Benjamin Lam, partner – EMEA real estate fund leader au sein du réseau Deloitte. (Photo: Julien Becker )

Benjamin Lam, partner – EMEA real estate fund leader au sein du réseau Deloitte. (Photo: Julien Becker )

Le Qatar, associé au gestionnaire de fonds immobiliers canadien Brookfield, a acquis le 28 janvier une partie de Canary Wharf, le quartier d’affaires le plus important de Londres après la City. Ce rachat illustre parfaitement la politique d’acquisition des fonds souverains dans l’immobilier à travers les plus grandes capitales du monde. Cet exemple, parmi d’autres, est représentatif d’une tendance dans l’investissement immobilier. «Aujourd’hui, les fonds immobiliers réglementés au Luxembourg s’estiment à quelque 33 milliards d’actifs nets sous gestion contre 500 millions en 2001. Si l’on excepte l’année 2009, la croissance est restée conséquente et constante», explique Benjamin Lam, partner – private equity & real estate chez Deloitte. Aujourd’hui, le Luxembourg se classe en première position européenne en termes de domiciliation des fonds immobiliers. «Cela a pour effet d’attirer de nouveaux prestataires de services – on en compte aujourd’hui plus d’une centaine – notamment en provenance des îles Anglo-Normandes.» Depuis deux ans, de nouveaux investisseurs font également leur apparition, attirés, en partie, par les taux d’intérêt bas: fonds souverains mais aussi acteurs du private equity, qui complètent les acteurs institutionnels en place (banques privées, family offices et fonds de pension). Mais qu’est-ce qui fait courir ces investisseurs vers le Luxembourg? Le cadre attractif du Grand-Duché et la nouvelle directive AIFM? C’est un fait. Le cadre réglementaire très diversifié? On touche là un aspect important, voire prépondérant, du marché luxembourgeois: les investisseurs peuvent ainsi se tourner vers des organismes de placement collectif de type statutaire (Sicav, Sicaf) ou contractuel (FCP).

Des structures telles que les fonds d’investissement spécialisés ou la société d’investissement en capital à risque (Sicar) existent déjà depuis quelques années. Plus récente, la SCSp (société en commandite spéciale) a également le vent en poupe. Un cadre réglementaire flexible qui séduit par la gamme des possibilités qu’il déploie. Au vu de cet environnement favorable et de sa position sur l’échiquier européen, le Luxembourg porte bien le costume d’un centre d’excellence… par excellence! «Mais nos voisins nous regardent et évoluent également vers un cadre toujours plus compétitif. Je pense par exemple à l’Irlande, au Royaume-Uni et aux Pays-Bas», constate Benjamin Lam. Pour rester compétitif, le Luxembourg ne doit pas se reposer sur ses lauriers. D’autant plus qu’il existe des points qui méritent d’être améliorés.

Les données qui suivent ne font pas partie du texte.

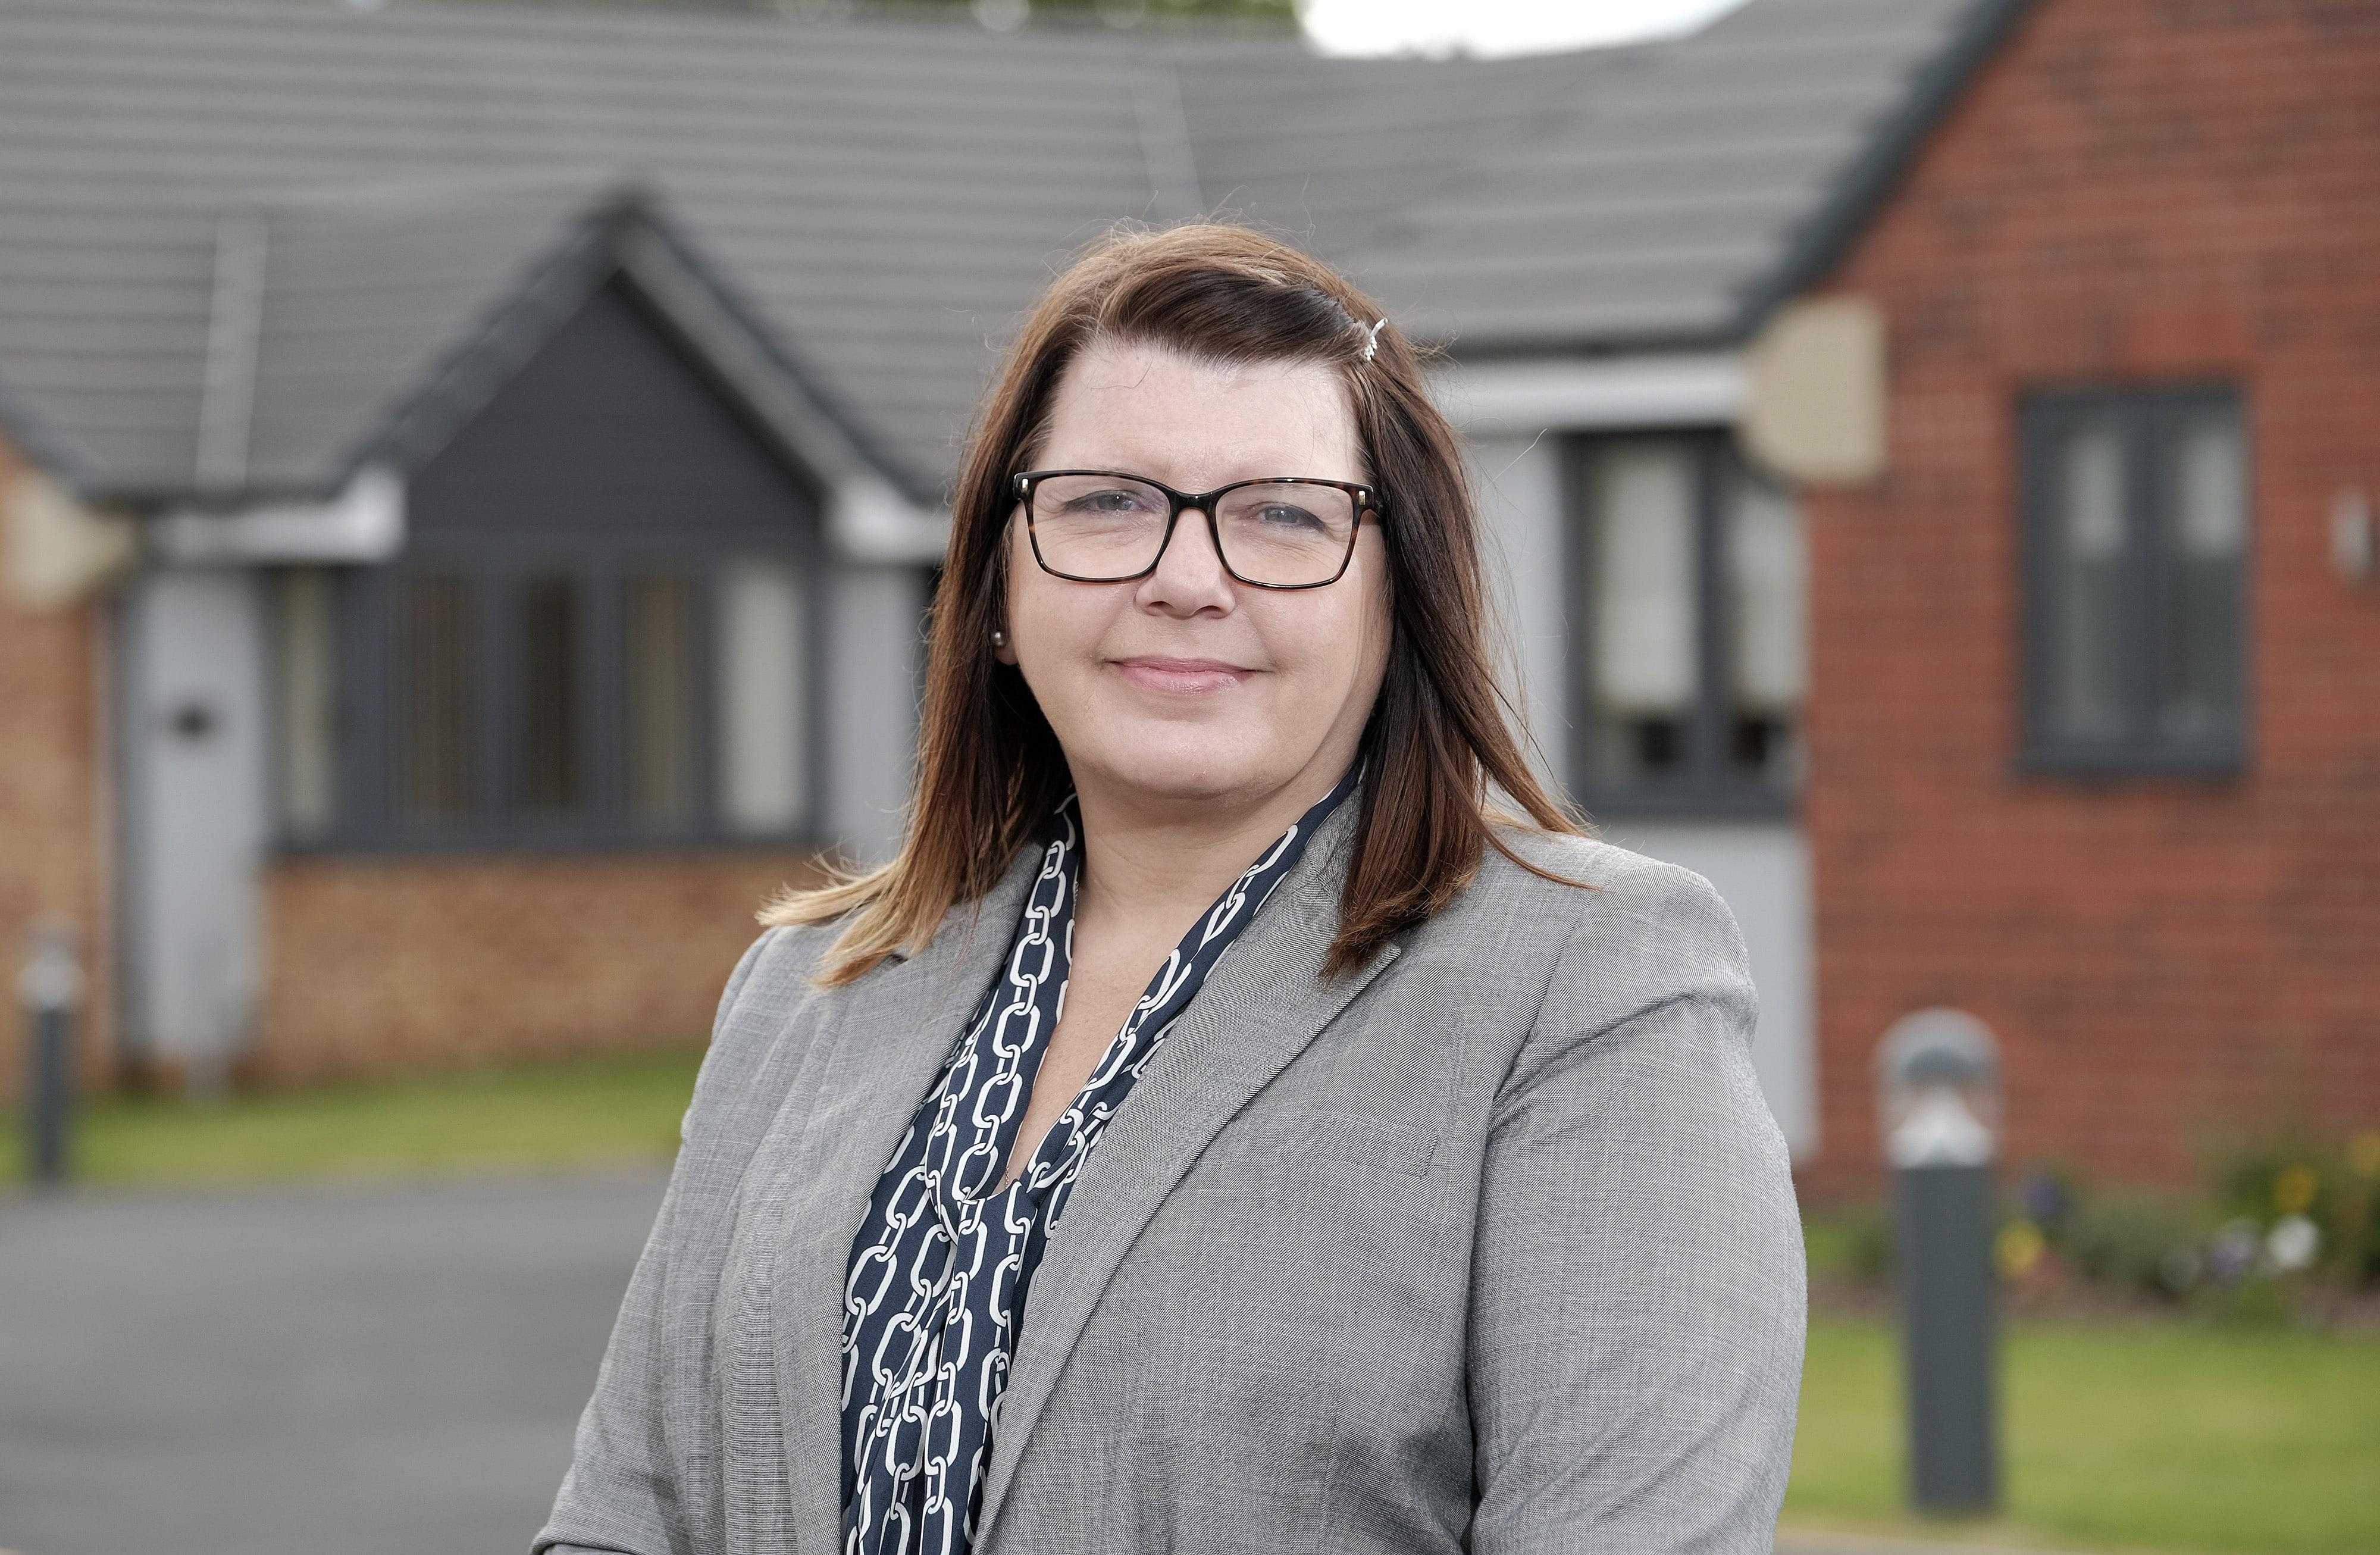 Midlands housebuilder builds marketing team
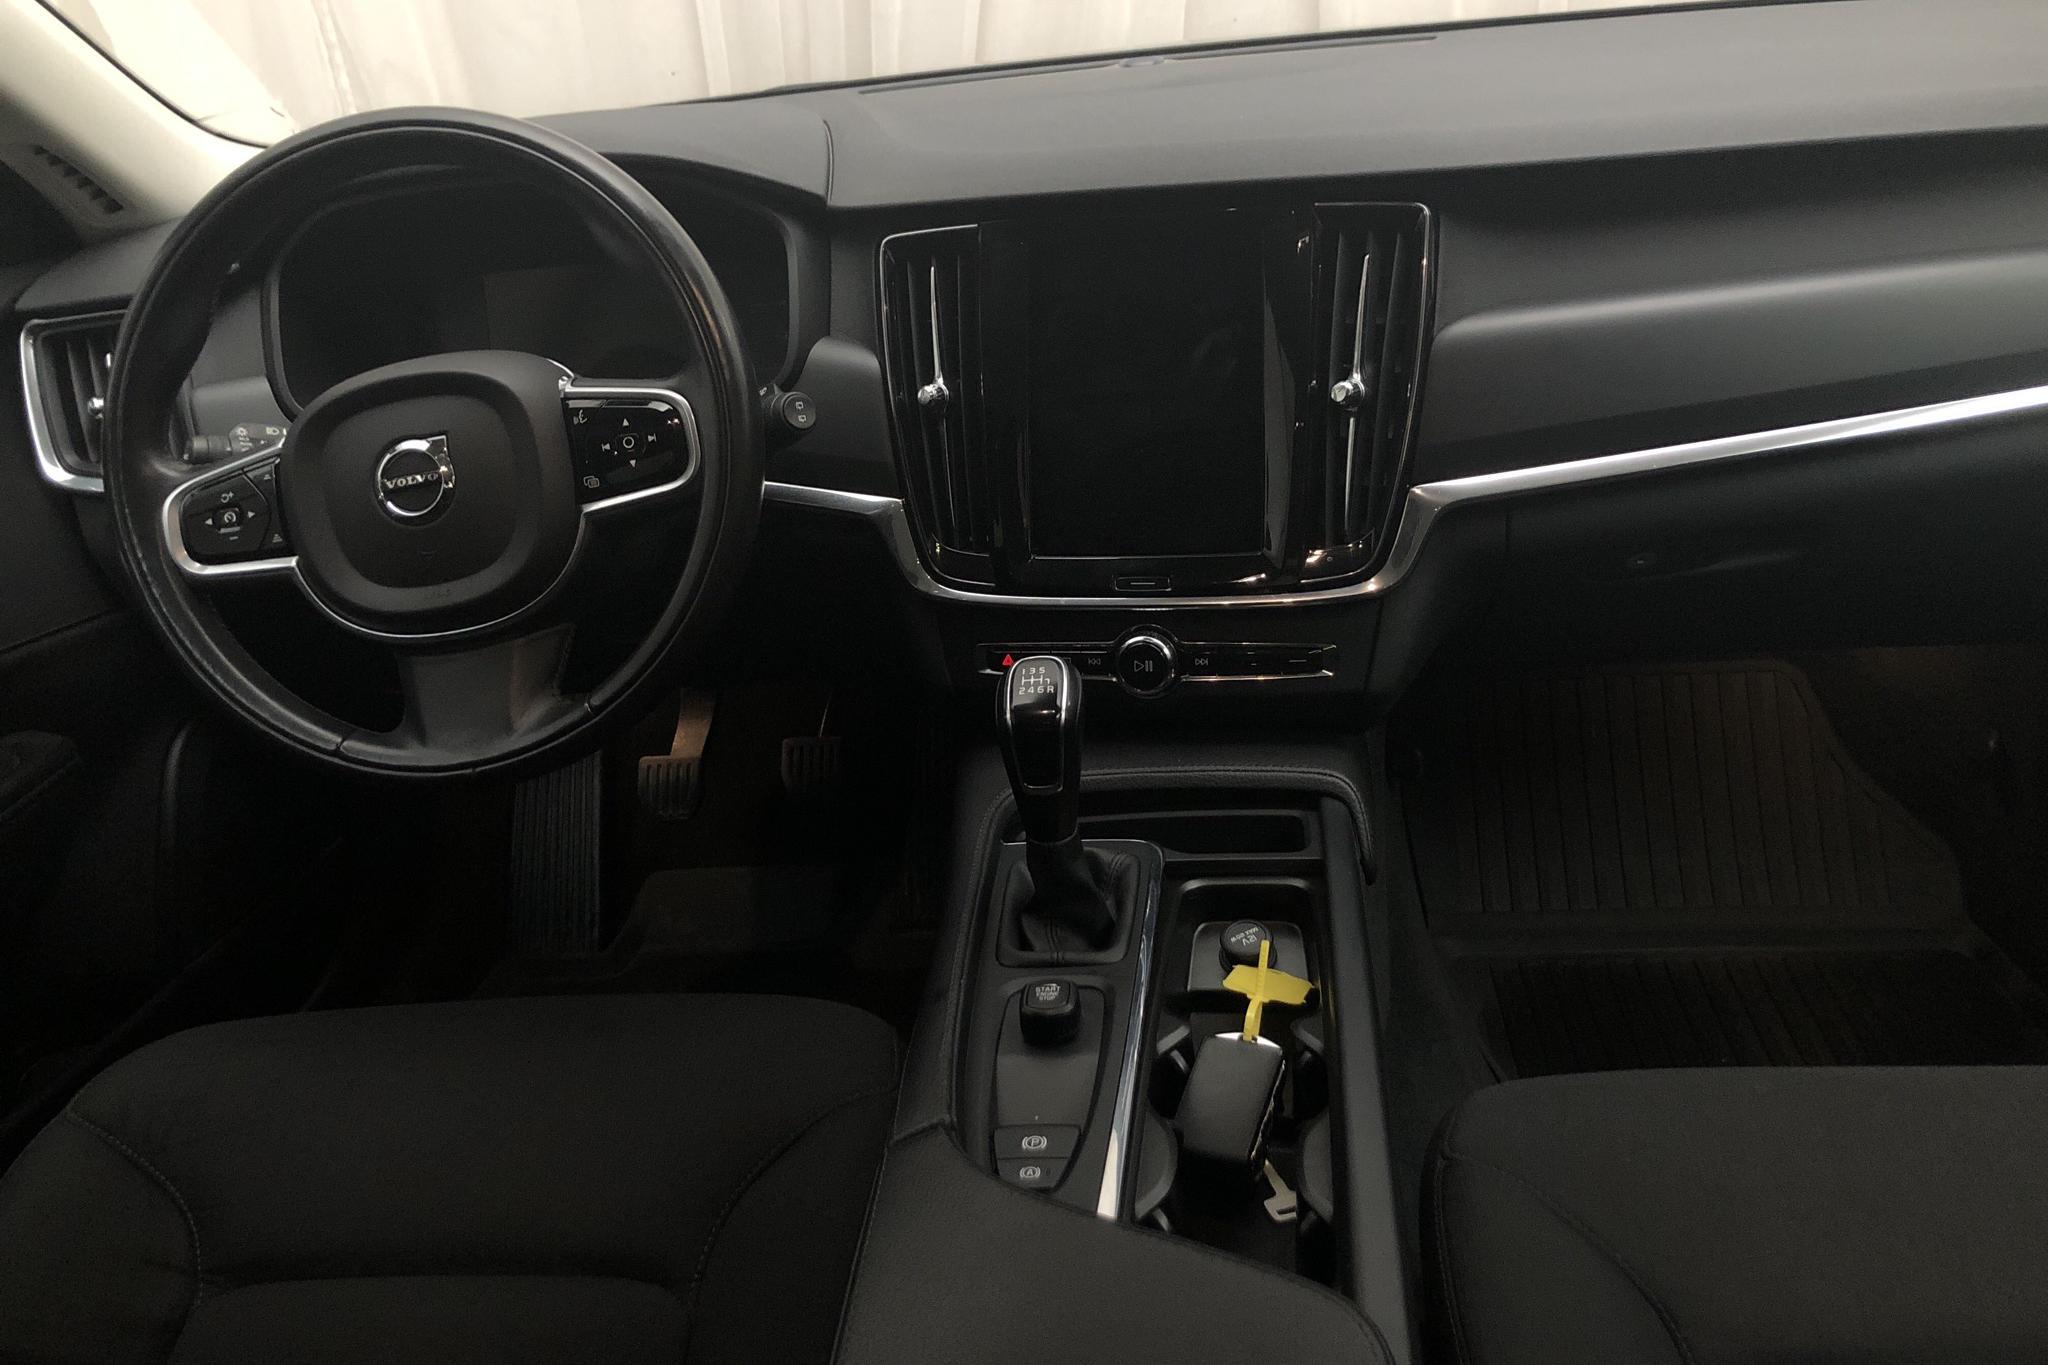 Volvo V90 D3 (150hk) - 126 860 km - Manual - black - 2018

Vers un ensemble de bonnes pratiques

«Le succès du Luxembourg attire à la fois des fonds réglementés et non réglementés. Cette croissance a pour conséquence de générer un besoin accru en experts dans ce domaine et ainsi une augmentation des salaires de ces derniers. Ces besoins dans un marché limité engendrent un turnover qui tend à gagner en importance. Une conséquence en entraînant une autre, le coût pour les investisseurs croît», développe M. Lam. Selon lui, le secteur se doit donc, pour s’affirmer en tant que centre d’excellence, de renforcer sa capacité à attirer de nouveaux talents et développer des formations spécifiques en fonds immobiliers, «dans le but d’être plus efficace et de réduire les coûts».

Par ailleurs, en plus de capitaliser ses bases, Benjamin Lam conseille de revoir le modèle opérationnel et les processus, en particulier, de contrôle. «L’Alfi a mis en place un groupe de travail, dont je suis co-chairman, qui définit les bonnes pratiques à adopter dans les domaines du reporting et de l’évaluation. Il faut suivre cette voie et développer par exemple d’autres best practices au niveau opérationnel, notamment. On doit arriver à un niveau d’efficacité comparable à celui observé dans les fonds Ucits.»

Les investisseurs sont toujours plus exigeants. Aussi est-il primordial pour un gestionnaire de fonds de miser sur la qualité des services. À charge pour l’Alfi et Luxembourg for Finance de continuer à promouvoir les fonds alternatifs, dont les fonds immobiliers, afin de confirmer la position du pays. «Le Luxembourg a toutes les cartes en main pour renforcer son leadership dans l’administration des fonds immobiliers en Europe et même au-delà. C’est notre cheval de bataille!», conclut Benjamin Lam.